**AIM OF THE TASK**
All records, minus the pictures: write them out exactly.

*** Block opens ***

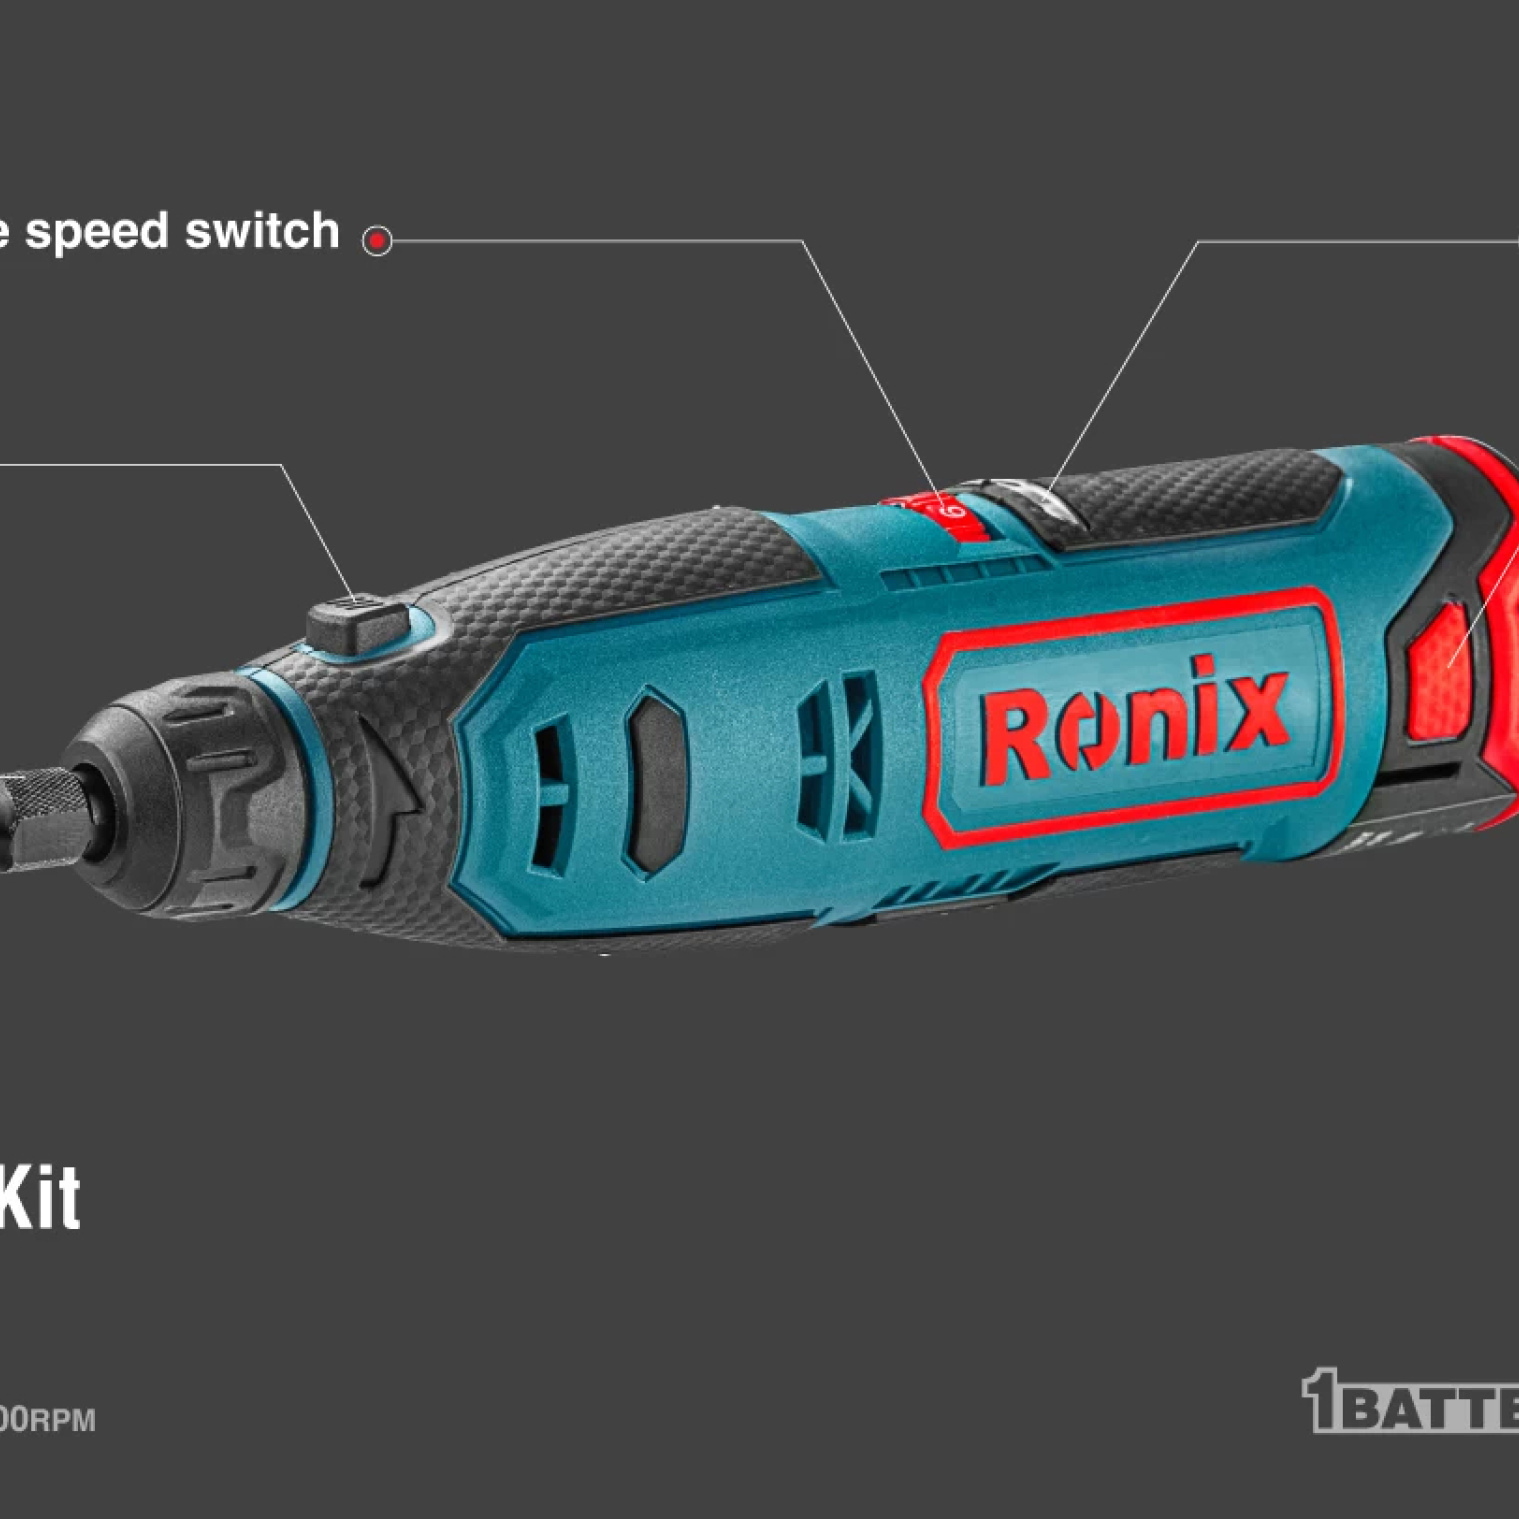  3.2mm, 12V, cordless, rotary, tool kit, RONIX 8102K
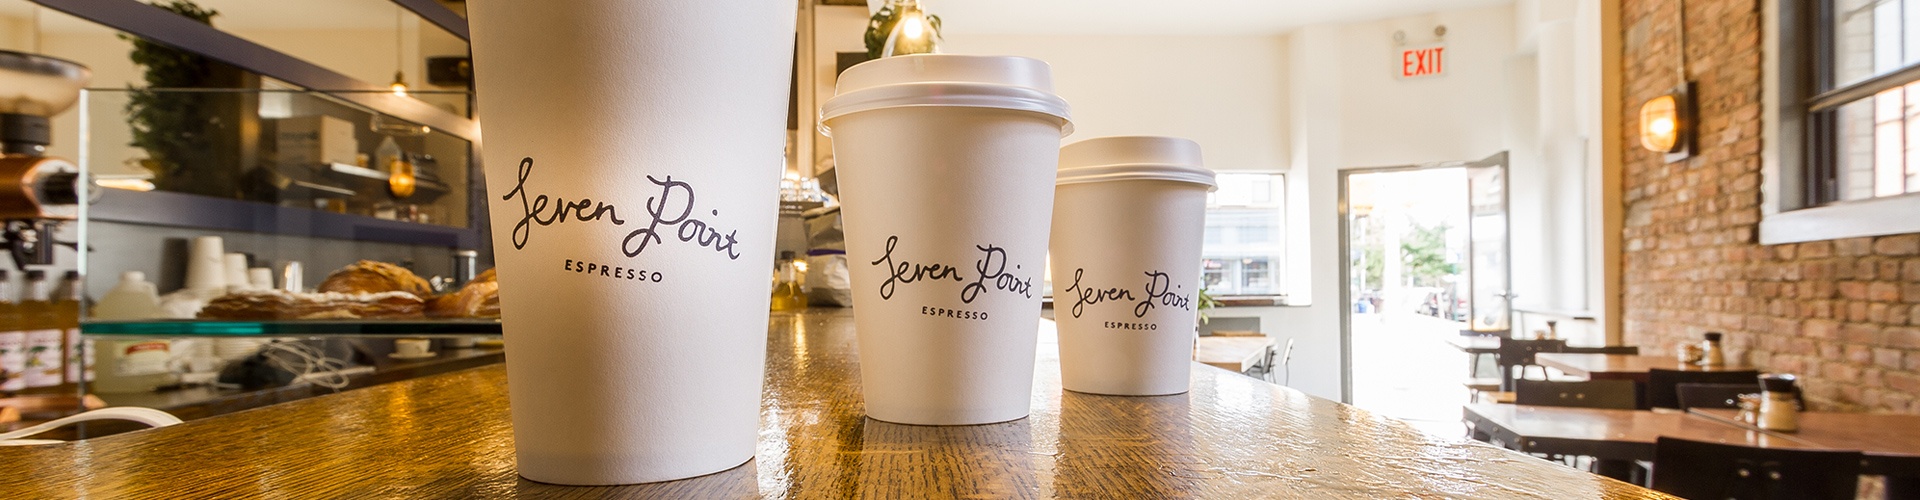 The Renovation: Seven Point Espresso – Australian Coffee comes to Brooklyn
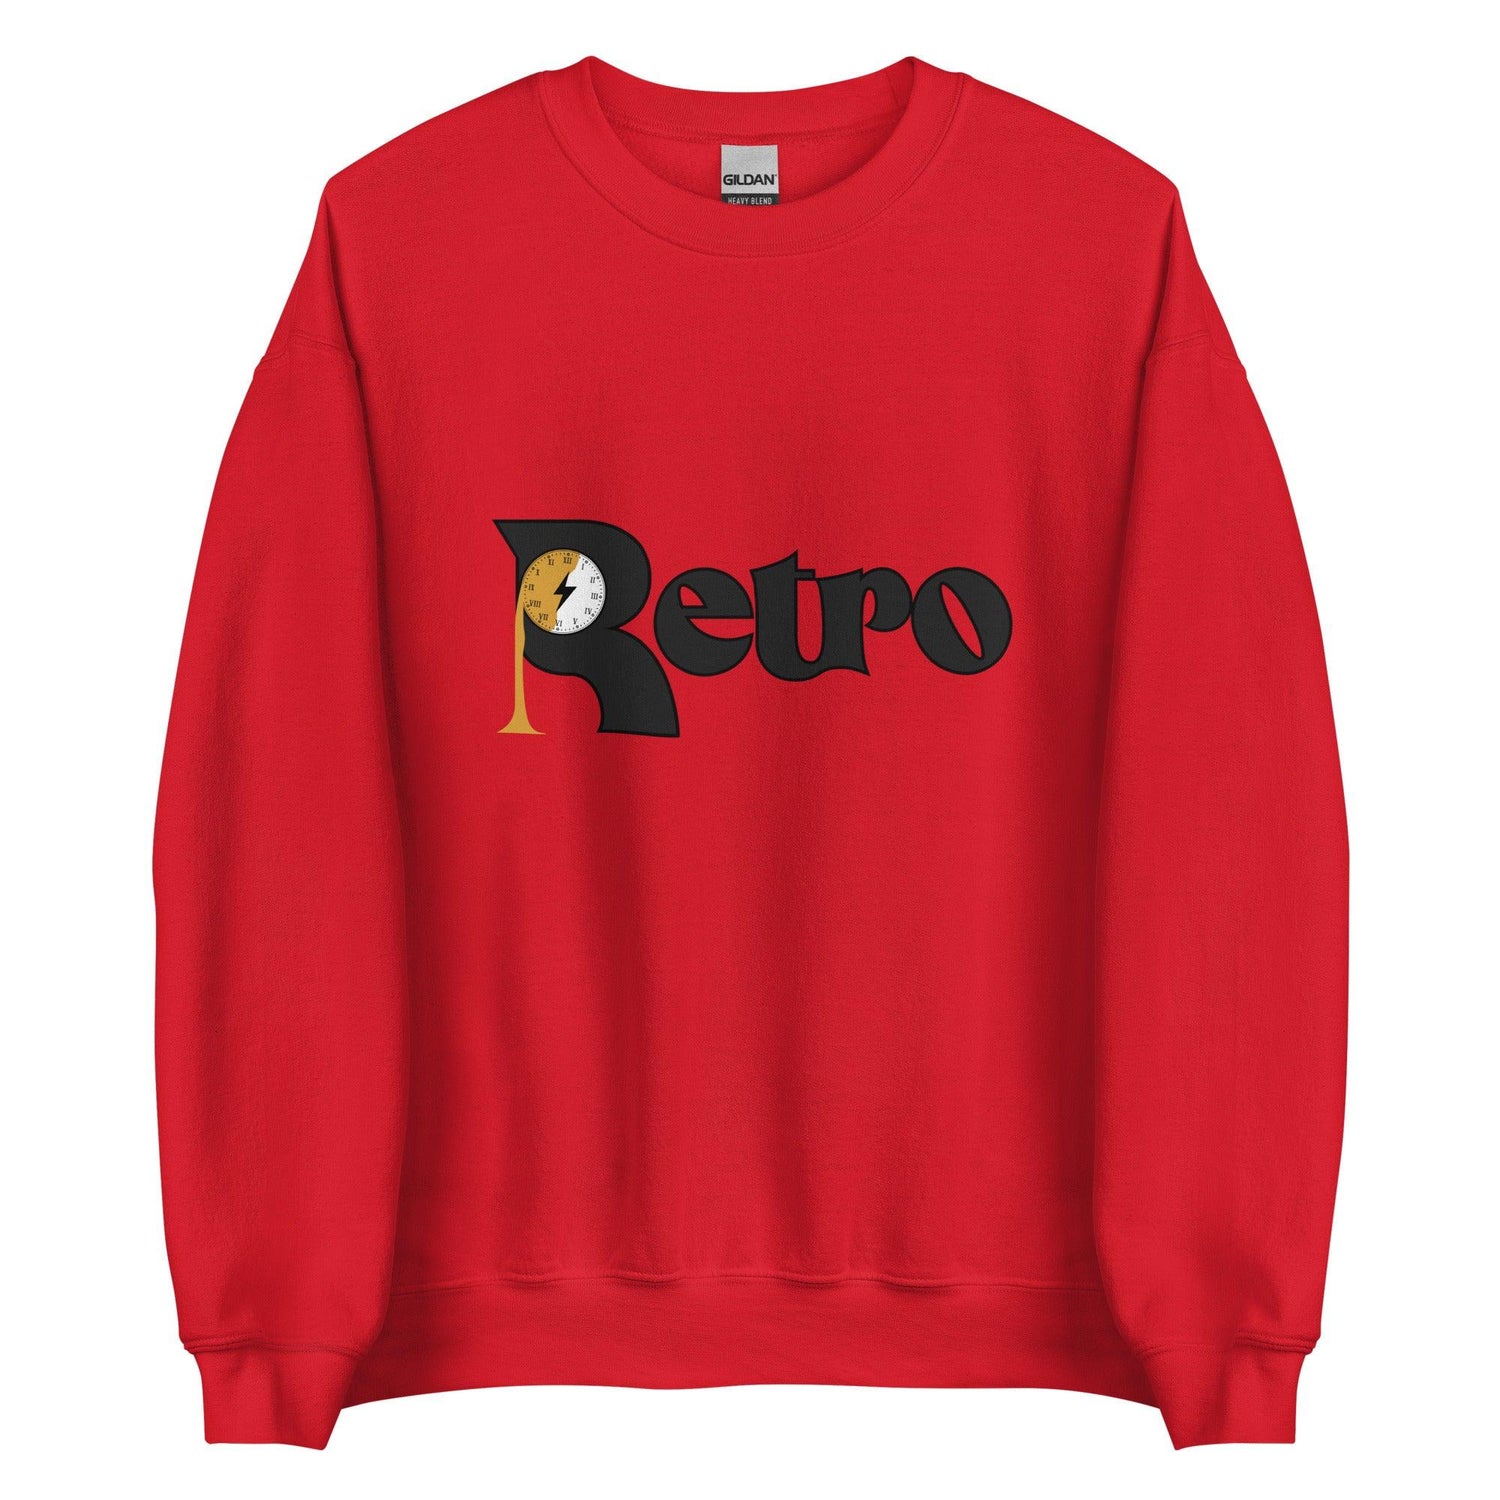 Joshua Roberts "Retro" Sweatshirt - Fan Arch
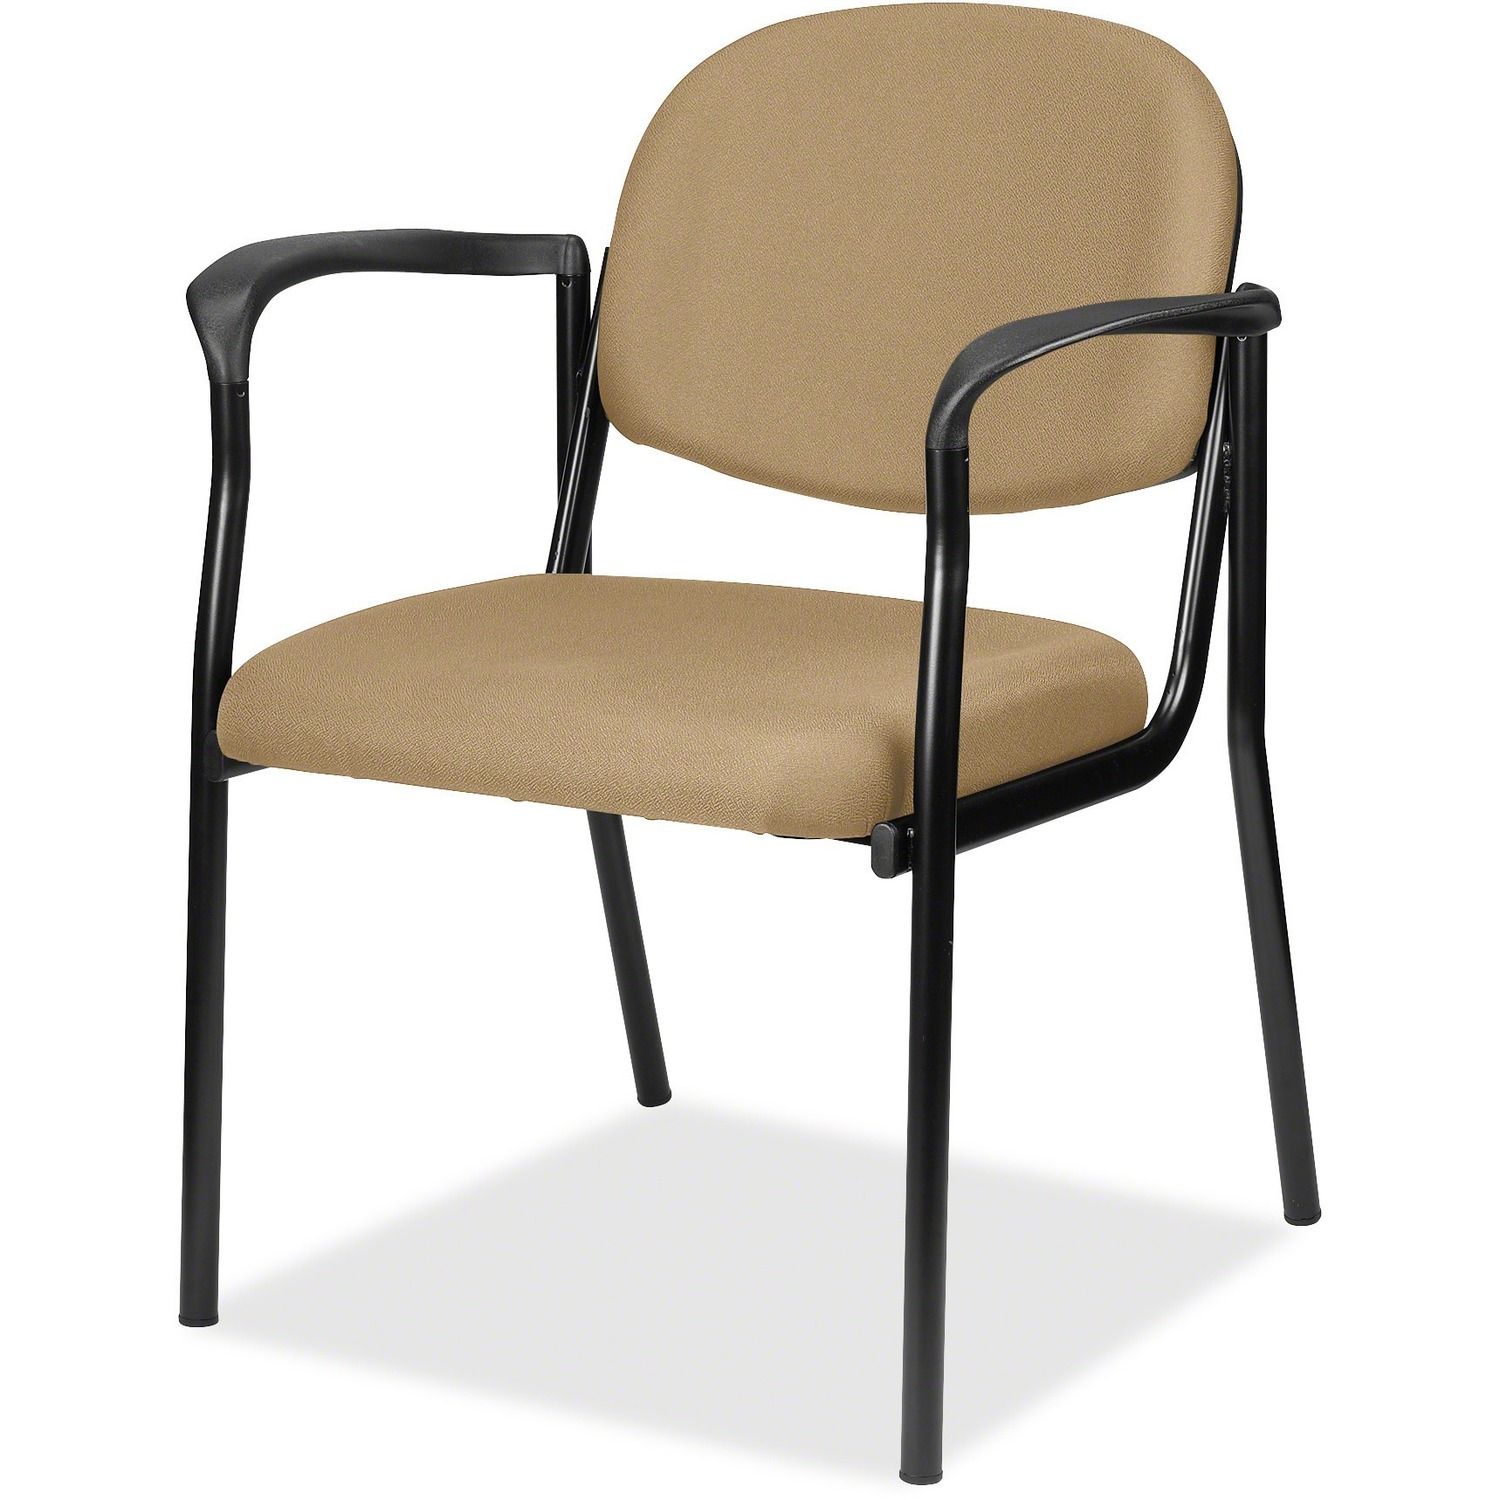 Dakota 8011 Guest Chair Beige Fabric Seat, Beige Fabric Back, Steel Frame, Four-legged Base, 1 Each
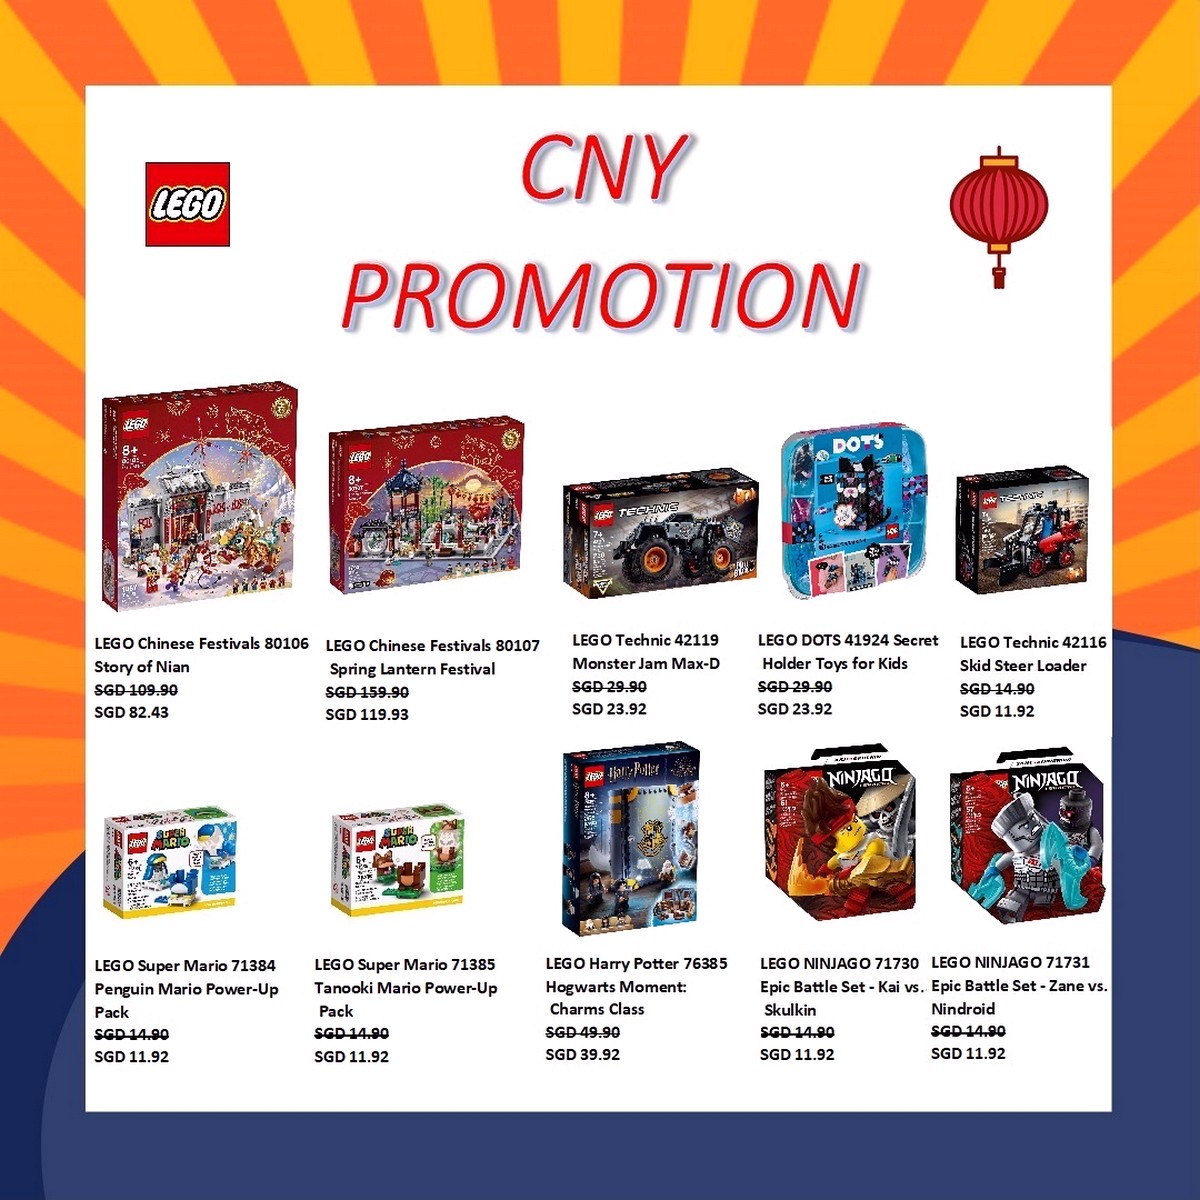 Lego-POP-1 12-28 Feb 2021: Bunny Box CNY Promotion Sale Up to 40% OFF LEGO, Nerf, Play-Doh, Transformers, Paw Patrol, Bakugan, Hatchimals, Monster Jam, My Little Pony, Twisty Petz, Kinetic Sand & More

*** Block closes ***

**RESPONSE TO THE EXERCISE**
  3.2mm, 12V, cordless, rotary, tool kit, RONIX 8102K
 The Renovation: Seven Point Espresso – Australian Coffee comes to Brooklyn
 Joshua Roberts "Retro" Sweatshirt - Fan Arch
 Dakota 8011 Guest Chair Beige Fabric Seat, Beige Fabric Back, Steel Frame, Four-legged Base, 1 Each
 Lego-POP-1 12-28 Feb 2021: Bunny Box CNY Promotion Sale Up to 40% OFF LEGO, Nerf, Play-Doh, Transformers, Paw Patrol, Bakugan, Hatchimals, Monster Jam, My Little Pony, Twisty Petz, Kinetic Sand & More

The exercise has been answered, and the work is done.